Она вдруг остановилась. И он по лицу ее увидал, что она узнала его.
– Мало ли вас шляется. Ступай, ступай. С Богом.
Корней привалился спиной к стене и, упираясь на клюку, пристально смотрел на нее и с удивлением чувствовал, что у него не было в душе той злобы на нее, которую он столько лет носил в себе, но какая-то умиленная слабость вдруг овладела им.
– Марфа! Помирать будем.
– Ступай, ступай с Богом, – быстро и злобно говорила она.
– Больше ничего не скажешь?
– Нечего мне говорить, – сказала она. – Ступай с Богом. Ступай, ступай. Много вас, чертей, дармоедов, шляется.
Она быстрыми шагами вернулась в избу и захлопнула дверь.
– Чего ж ругать-то, – послышался мужской голос, и в дверь вошел с топором за поясом черноватый мужик, такой же, как был Корней сорок лет тому назад, только поменьше и похудее, но с такими же черными блестящими глазами.

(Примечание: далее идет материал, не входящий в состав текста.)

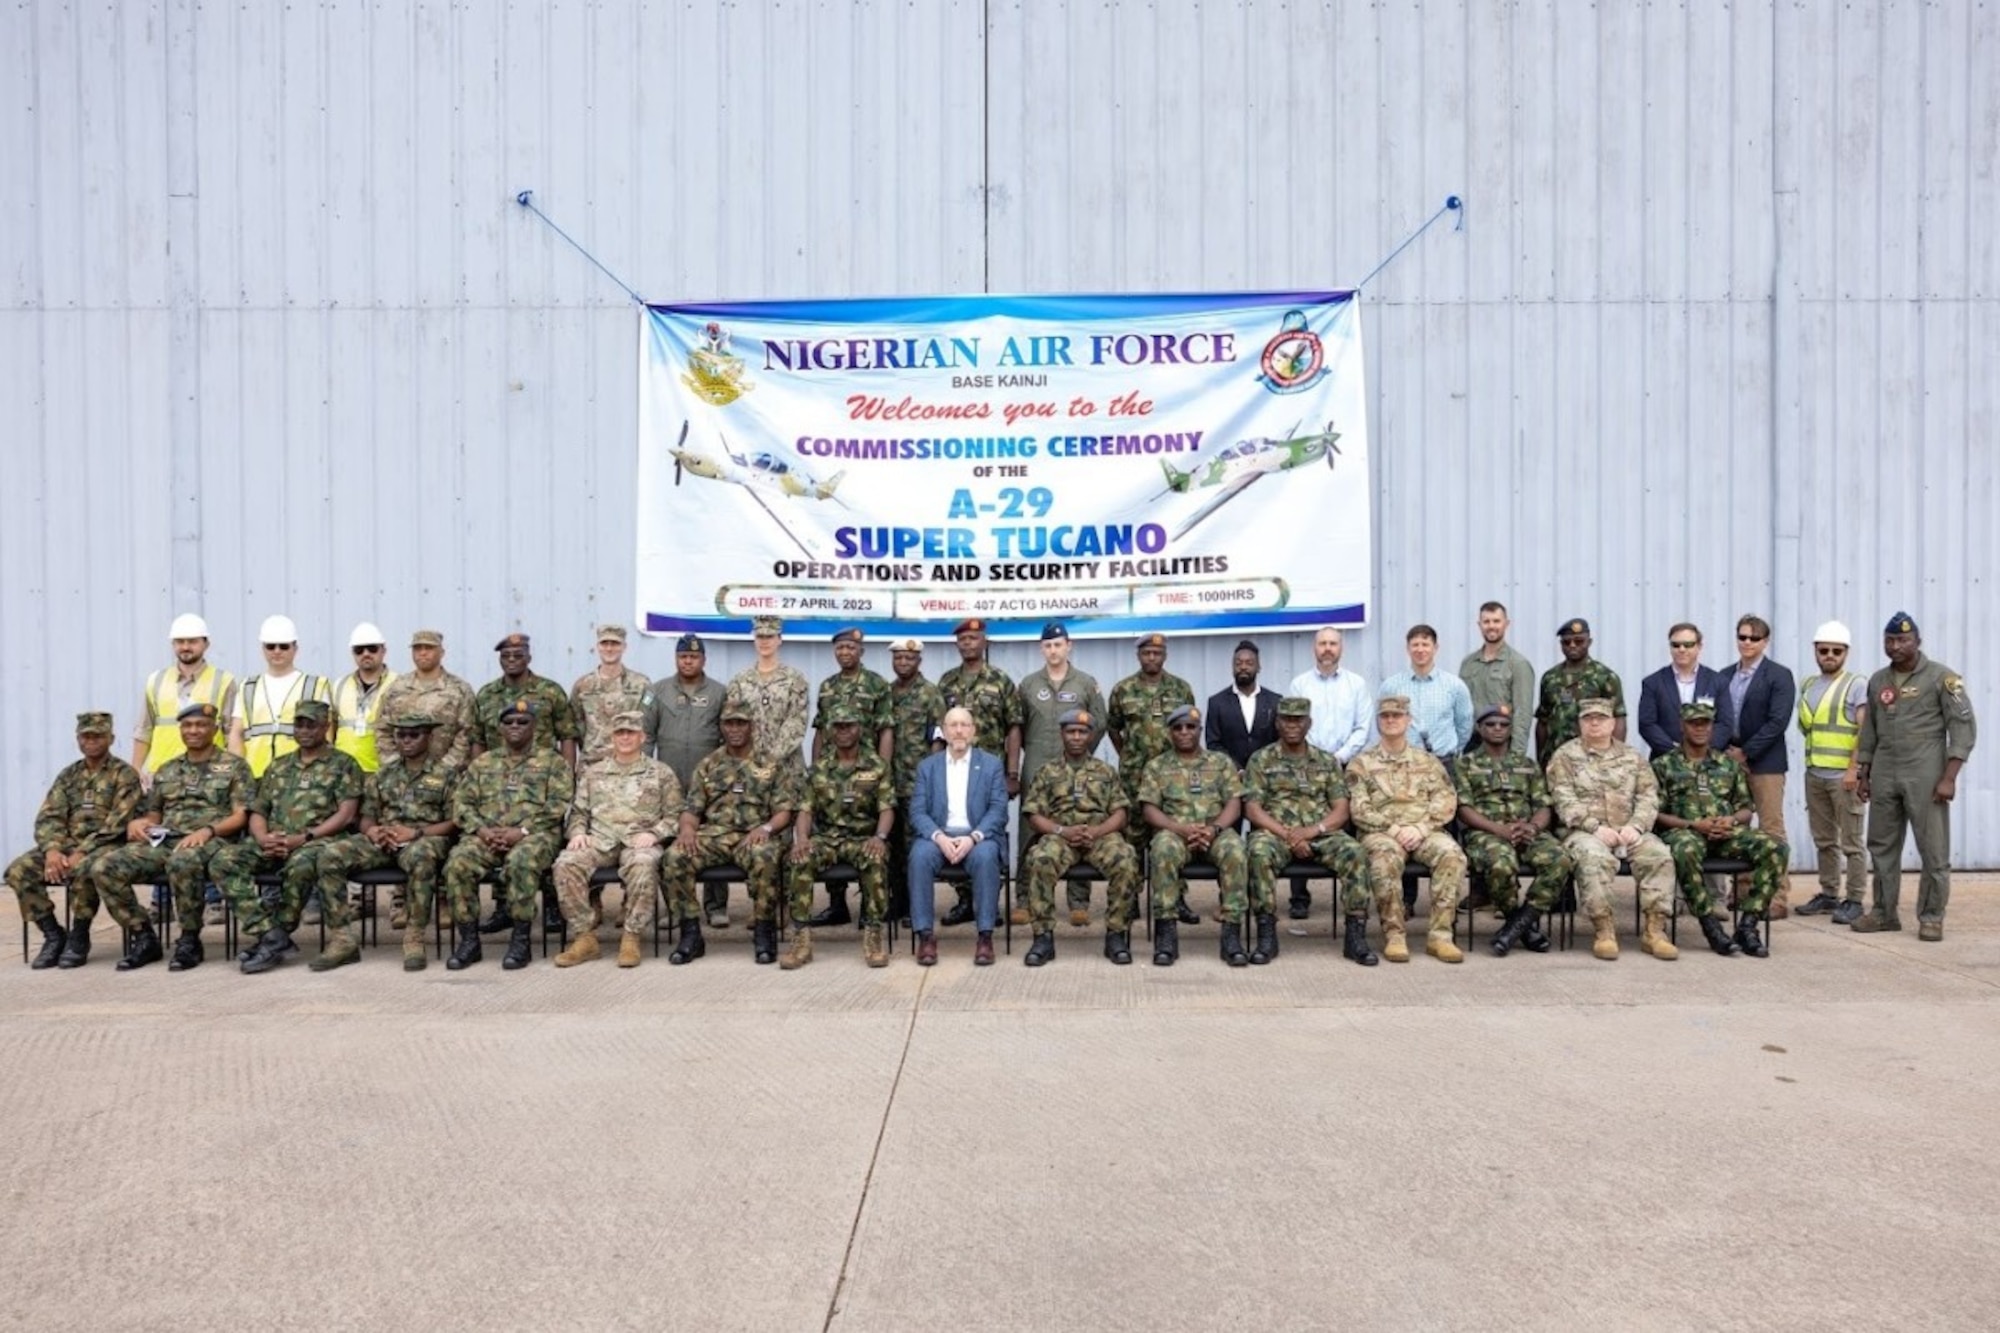 Officials representing the U.S. Embassy in Nigeria, U.S. Army Corps of Engineers, U.S. Air Force Life Cycle Management Center's Air Force Security Assistance and Cooperation Directorate, Nigerian Air Force, contractors and others pose for a picture at Kainji Air Force Base in Nigeria following ceremonies celebrating recently completed base infrastructure improvements there April 27, 2023. They participated in ribbon cutting ceremonies highlighting the completion of several construction projects supporting recently delivered A-29 Super Tucano aircraft. The construction was part of the historic $500 million U.S. foreign military sale to Nigeria, which also includes the delivery of the 12 A-29 Super Tucano aircraft, munitions, and training. (U.S. Embassy in Nigeria photo by Olaoluwa Aworinde)

Это был тот самый Федька, которому он семнадцать лет тому назад подарил книжку с картинками. Это он упрекнул мать за то, что она не пожалела нищего. С ним вместе вошел, и тоже с топором за поясом, немой племянник. Теперь это был взрослый, с редкой бородкой, морщинистый, жилистый человек, с длинной шеей, решительным и внимательно пронизывающим взглядом. Оба мужика только позавтракали и шли в лес.
– Сейчас, дедка, – сказал Федор и указал немому сначала на старика, а потом на горницу и показал рукою, как режут хлеб.
Федор вышел на улицу, а немой вернулся в избу. Корней все стоял, опустив голову, прислонившись к стене и опираясь на клюку. Он чувствовал большую слабость и с трудом удерживал рыдания. Немой вышел из избы с большим пахучим ломтем свежего черного хлеба и, перекрестившись, подал Корнею. Когда Корней, приняв хлеб, тоже перекрестился, немой обратился к двери в избу, провел двумя руками по лицу и начал делать вид, что плюет. Он выражал этим неодобрение тетке. Вдруг он замер и, разинув рот, уставился на Корнея, как будто узнавая. Корней не мог больше удерживать слезы и, вытирая глаза, нос и седую бороду полою кафтана, отвернулся от немого и вышел на крыльцо. Он испытывал какое-то особенное, умиленное, восторженное чувство смирения, унижения перед людьми, перед нею, перед сыном, перед всеми людьми, и чувство это и радостно и больно раздирало его душу.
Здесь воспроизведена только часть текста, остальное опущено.